Einstein was wrong. God does, in fact, like to roll dice with the universe. At the quantum level, particles are entangled with one another in time and space, or so we think. Deep beneath the surface, however, the links are not always obvious.

An English professor, for example, can walk into a freshman class one day and wind up saving a life without even realizing it.

It happens more often than we would like to acknowledge, and we are at a loss to explain how or why it happens. Some call it divine intervention, but the physicists like to think of it as "non-local entanglement." Either way, we should recognize that we don't always understand the forces acting on our lives, or the impact we may have on others.

You need a good reason to get up in the morning and hike in -20 degree weather to attend a class. Dr. Zelda Rouillard always made it a worthwhile proposition. After all, where else could a scruffy high school dropout go to find out if he could write? With uncommon grace, she engaged the mind, and held us accountable on the page. She didn't like some of my ideas, and wasn't shy about letting the class know if I was missing the target. Still, she would let us try, if we had the cojones to throw it out there. The slackers may have laughed at her, but those of us who could think for ourselves knew the score: if we were up to the task, she would help us to find a voice.

Like most of the complex people we meet, Zelda was a study in contradictions. Underneath the conservative outfits she favored, many of them based on Simplicity patterns from the 1950s and 60s, there lurked a radical. Open to ideas from every literary direction, she managed to sneak Shirley Jackson and Eudora Welty into the curriculum right alongside the classics, and then she would give us that impish smile of hers whenever we managed to connect the dots.

In our papers, we had to write clean -- Zelda was a formidable grammarian -- and we had to make some kind of sense, but we could take chances. She was my first real audience, the first college professor who looked at my work and gave me an honest grade. In a simple and profound way, she restored some of my faith in education. After dropping out of high school, I was convinced the system was utterly corrupt. While it remains the real battleground for class warfare in our time, a college can still have the integrity we need, especially when someone like Zelda supports it over the course of a career.

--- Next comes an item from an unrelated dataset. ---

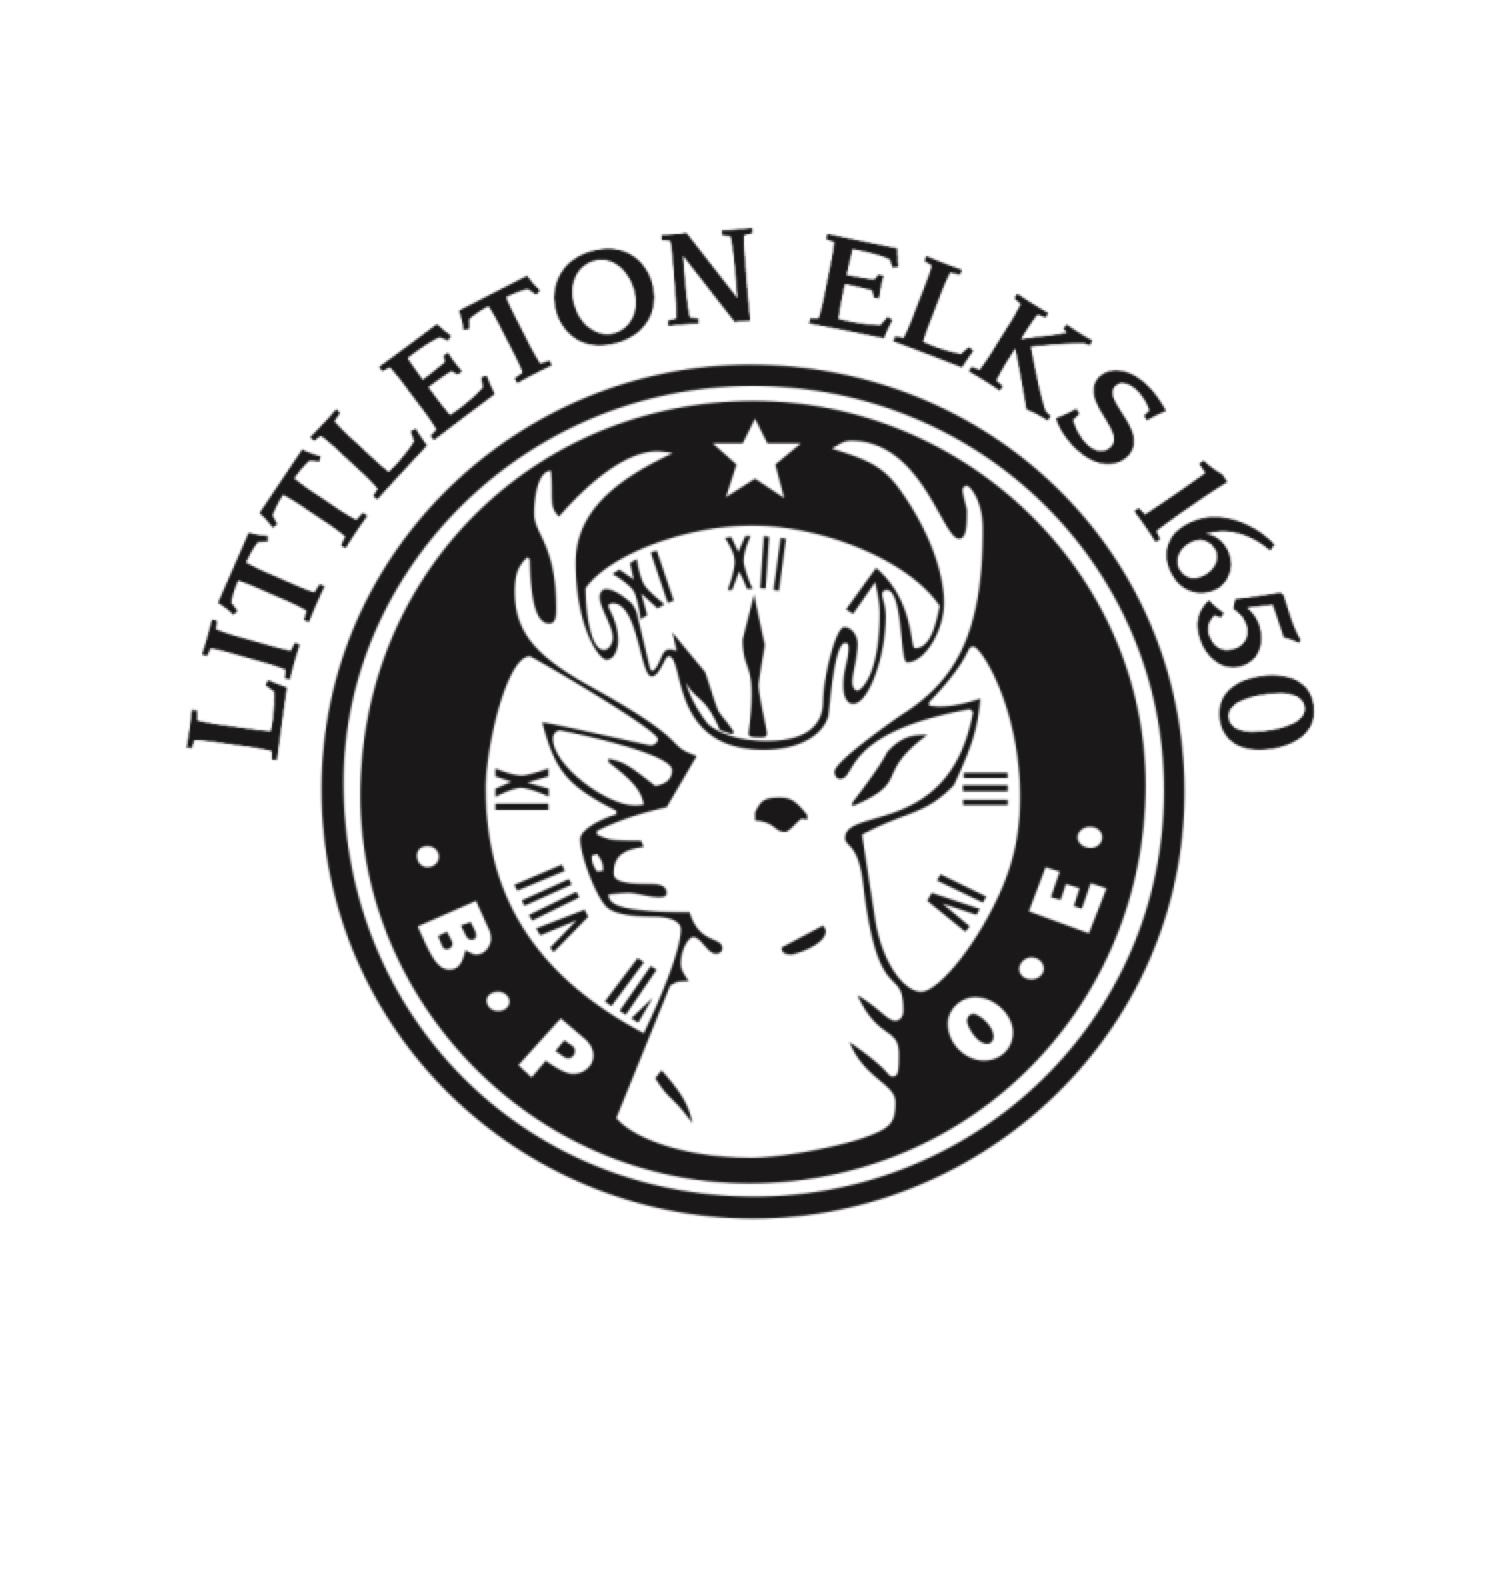 Littleton Elks Lodge #1650

Going off the deep end, I once wrote a paper for Zelda titled Contesting Level Zero: it was about a story by Julio Cortazar (Blow Up). It was strange, full of ideas about meta-fiction that added up to something more than their goofy, syncopated parts. To this day, I'm still not sure what it means or why it works. If I hadn't read Borges in my ski-bum-dishwasher-philosopher salad days, I doubt I would have taken it on. When Zelda handed it back to me, she told me she liked it, but wasn't sure what any of it meant. Still, she gave me an A on that paper, and we both had a good laugh about it when I confessed I didn't know what it meant, either. It was one of those moments when you are reminded that the page is the ultimate playing field, and we all have an equal shot to make it, or fall flat on our faces, when we put our words down and share them with others.

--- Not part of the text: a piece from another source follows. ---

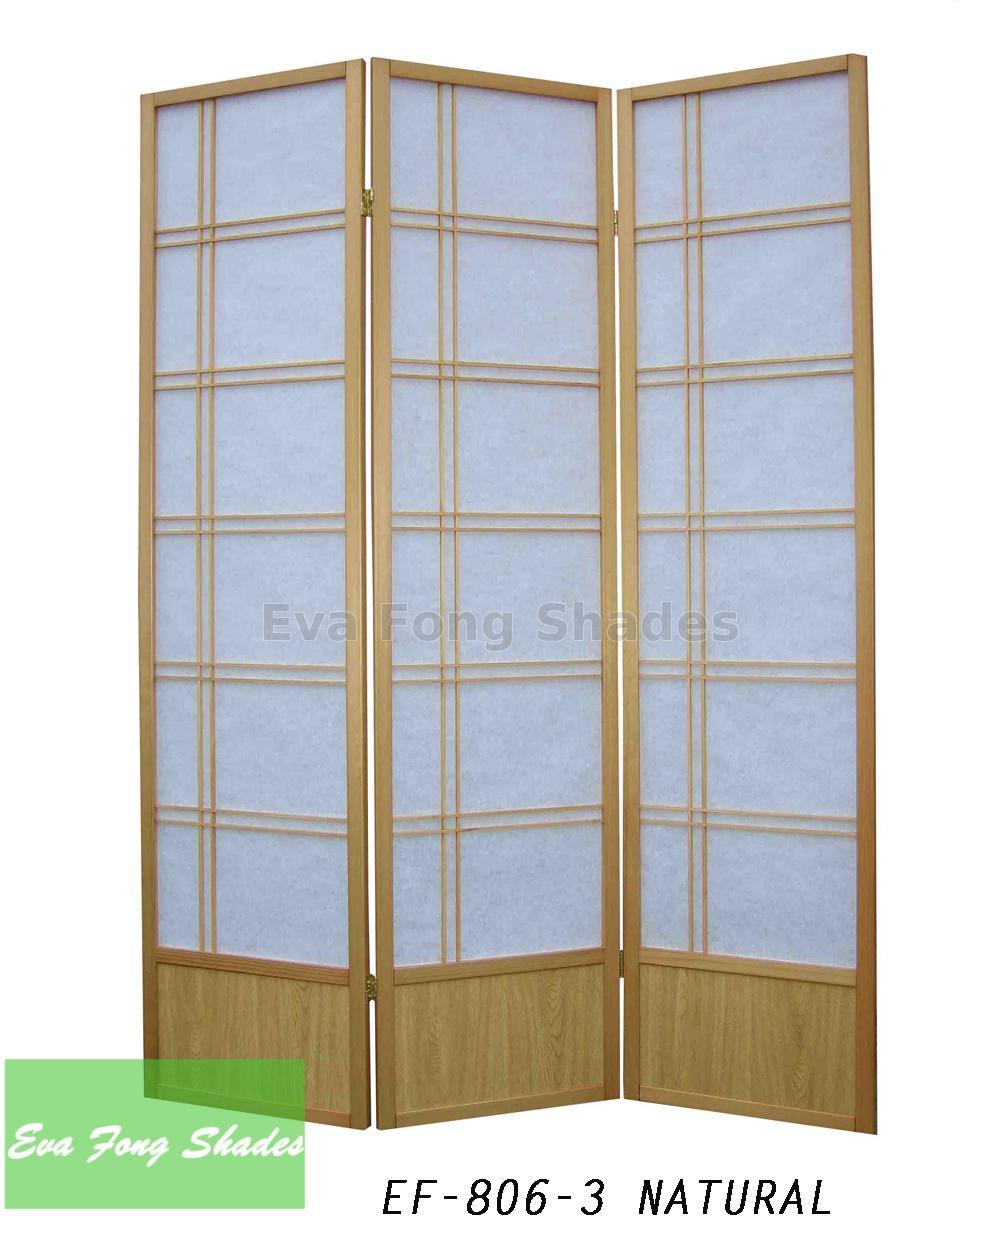 Wooden Screen Room Divider Folding Partition Shoji Screen Japanese Screen Privacy Screen Taiwantrade Com

The best co-conspirators give you cover. Zelda, who was also my advisor, went along with my diabolical scheme to get a degree in my standard berserk manner. Determined to survive, I put certain courses together and she always gave me the OK. She even went along with my insane desire to take T.C. Johnson's "Symbols" class as an elective in my Junior year: I thought it was a penultimate gesture of confidence (or, perhaps, a sly attempt to convert me to some kind of faith with the help of Eliade and Cassirer, and yes, it worked). Against the odds, and with a lot of help from Madame Rouillard and her peers, including George Sibley, Pat Sterling, John Cope and T.C., I earned a degree in four years. Another life saved, even if she wasn't entirely aware that she was doing it.

After graduating, I left the Gunnison valley for the riches of the big city. I still think about the divine Madame Rouillard almost every day. You see, whenever I put words on the page, there is a "Tiny Zelda" that I keep on my shoulder. This doppleganger gives my inner critic a form and a voice that I have to listen to. I owe it to her. To look at every line at least twice, to strive for clarity, to get each comma and colon and word where it belongs. To make sure the audience can follow each idea to a clear and meaningful conclusion. Even if it does rely on a form of non-local entanglement that only a physicist could love. While I did get the chance to thank her before she left this vale, this is the kind of debt you can only pay forward to the next generation. In other words, the best kind. Zelda ... I promise to do my part, and once again, I thank you.